I'll attach the diagnose.html for the system, and see if stopping/re-starting the daemon will solve the problem.
Post Number: 295
|Posted on Tuesday, September 04, 2012 - 10:30 am: |
Please login as admin. You to the 'user manager'. Pick a user who exhibits this problem, and click the 'edit' icon next to that user.
On the resulting 'Permissions' tab, there should be a field for 'Total time limit' and 'Job time limit'. (These may be greyed out, see below.) The former specifies the TOTAL aggregate amount of CPU time allocated to that user (should say N/A or -1 for unlimited; if it is 0, change it!). The latter specifies the time allowed for a given job (N/A or -1 for unlimited).
If those are greyed out, and the 'Use group setttings' is checked, then these settings are read from the corresponding user GROUP. To modify those, go to the 'Group Manager' (under admin). Those same time limit settings can be modified their as well. Since the issues affects MANY users, I suspect the problem lies there.
|Posted on Tuesday, September 25, 2012 - 12:38 pm: |
I stopped/re-started the daemon and the problem went away. I did not pursue your solution because all of our user accounts are identical, but only one account was able to submit a job.
I suspect the issue is related to the daemon running while users are added/deleted. At least, that is the only way I can explain the behavior on my system. During the summer there was essentially always an active job running. After the addition/deletion of user accounts, the only user account that could successfully submit jobs was the account under which there were active jobs during the addition/deletion of user accounts.
Post Number: 308
|Posted on Tuesday, September 25, 2012 - 1:13 pm: |
Ahh, this could be the case. I will look into that hypothesis.
|Posted on Wednesday, June 04, 2014 - 8:02 am: |
Currently I am using 14.0.006e, have being using/administrating WebMO E, and just WebMO at the beginning, for 10 years now.
This last version does nor respond when I disable a user ID, or set the Job time limit in the group setting to 0, or set the Job time limit in an user's account to 0. Still the disabled user can send jobs, and users from groups with job limit time 0 can have jobs executed. I have huge classes and I need to be able to control CPU usage.
What might be wrong here?
Post Number: 400
|Posted on Wednesday, June 04, 2014 - 1:12 pm: |
This is likely related to adding/deleting a user while the daemon is running. This will be resolved in the next release. Starting/stoping the daemon should solve this issue.
|Posted on Friday, February 01, 2019 - 1:16 pm: |
We are currently using Version: 18.0.002e WebMO Enterprise. We are running it on an HPC Cluster that runs SLURM. Our users have experienced some time out cases due to our default queue on the cluster has a short default time limit. We are not sure how to increase the time limit. so that the WebMO interface will work with our slurm scheduler and the user can run longer jobs.

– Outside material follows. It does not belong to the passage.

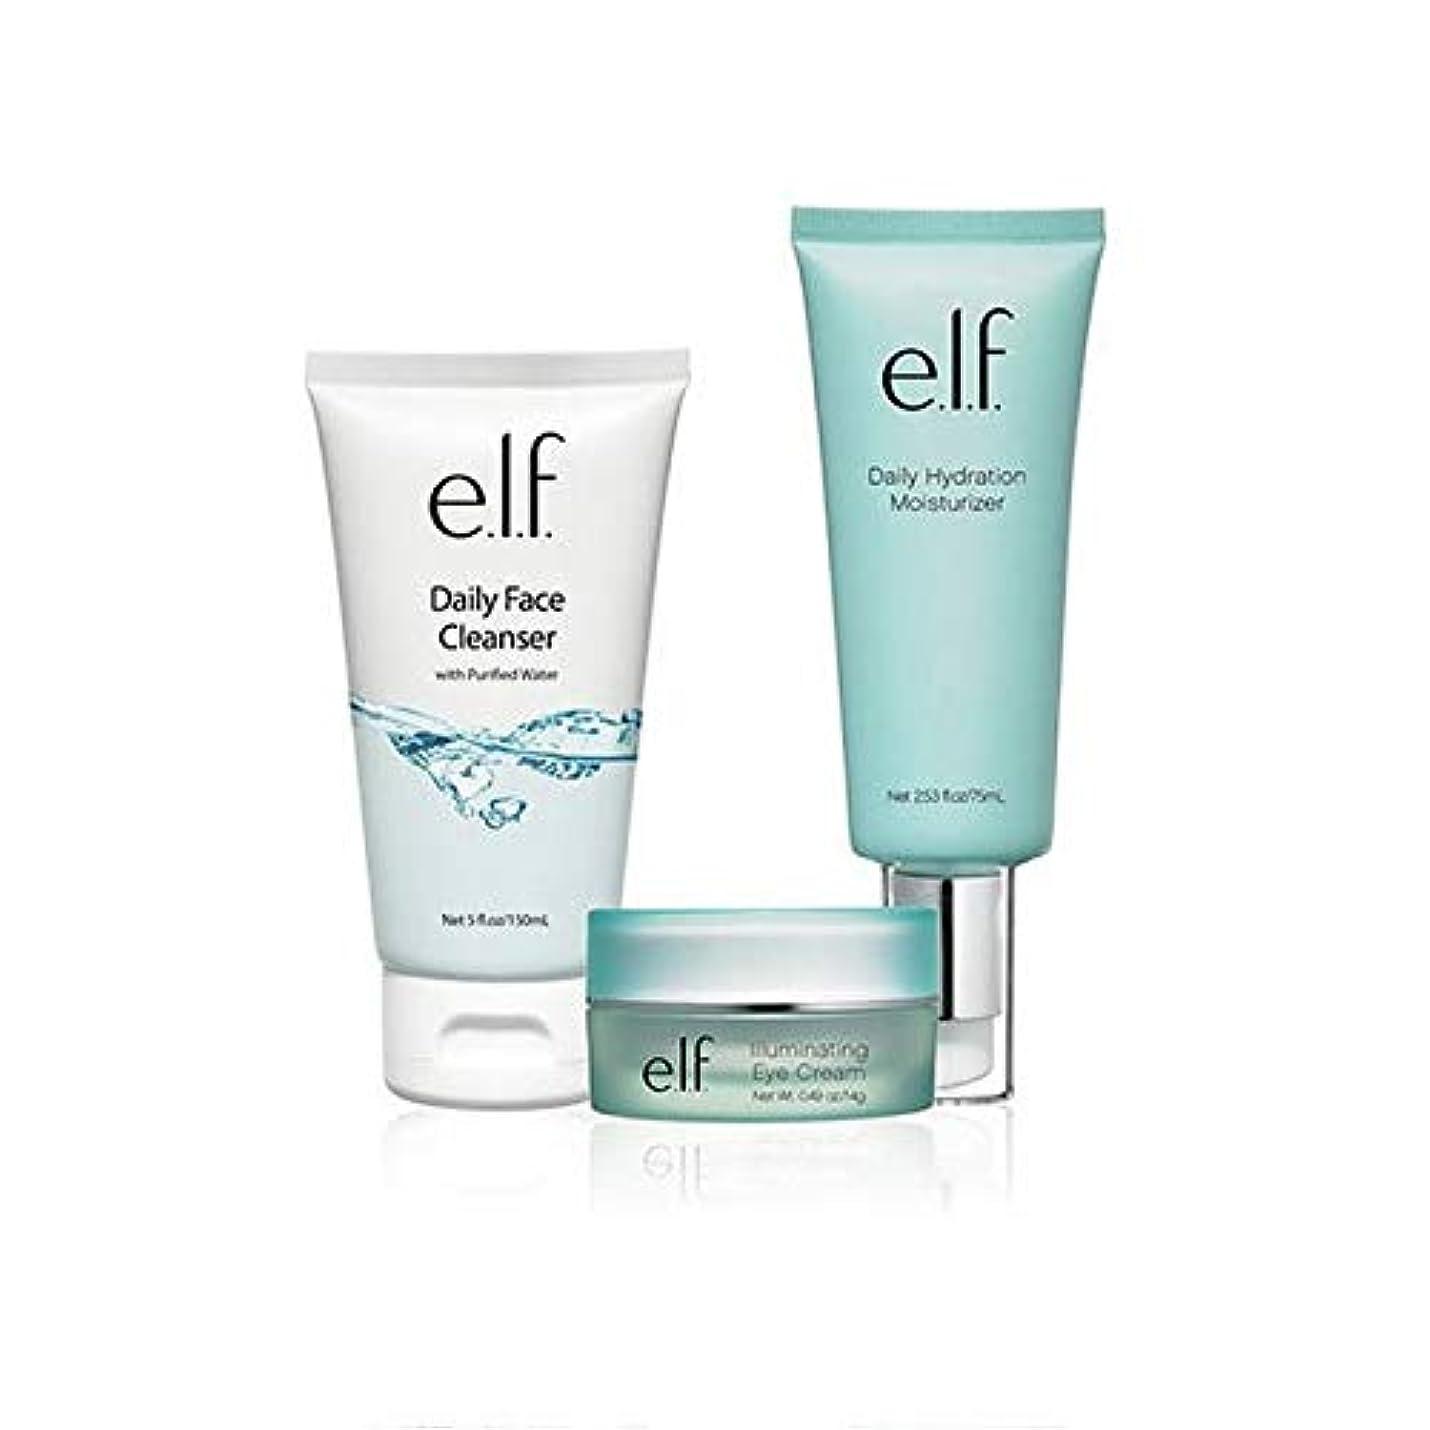 学んだ異形表示[Elf] エルフ。フェイシャルスキンケアセット - e.l.f. Facial Skincare Set [並行輸入品]

Any suggestions? I am totally new to WebMO. Please forgive me if I am not using the correct terms for things.
Post Number: 639
|Posted on Monday, February 04, 2019 - 1:35 pm: |
It sounds like SLURM is enforcing a time limit set on the "default" queue. This would need to be increased by changing the setting within the SLURM config -- this is outside of the control of WebMO, and cannot be changed from within WebMO. Once the time limit is increased from SLURM, the jobs should finish.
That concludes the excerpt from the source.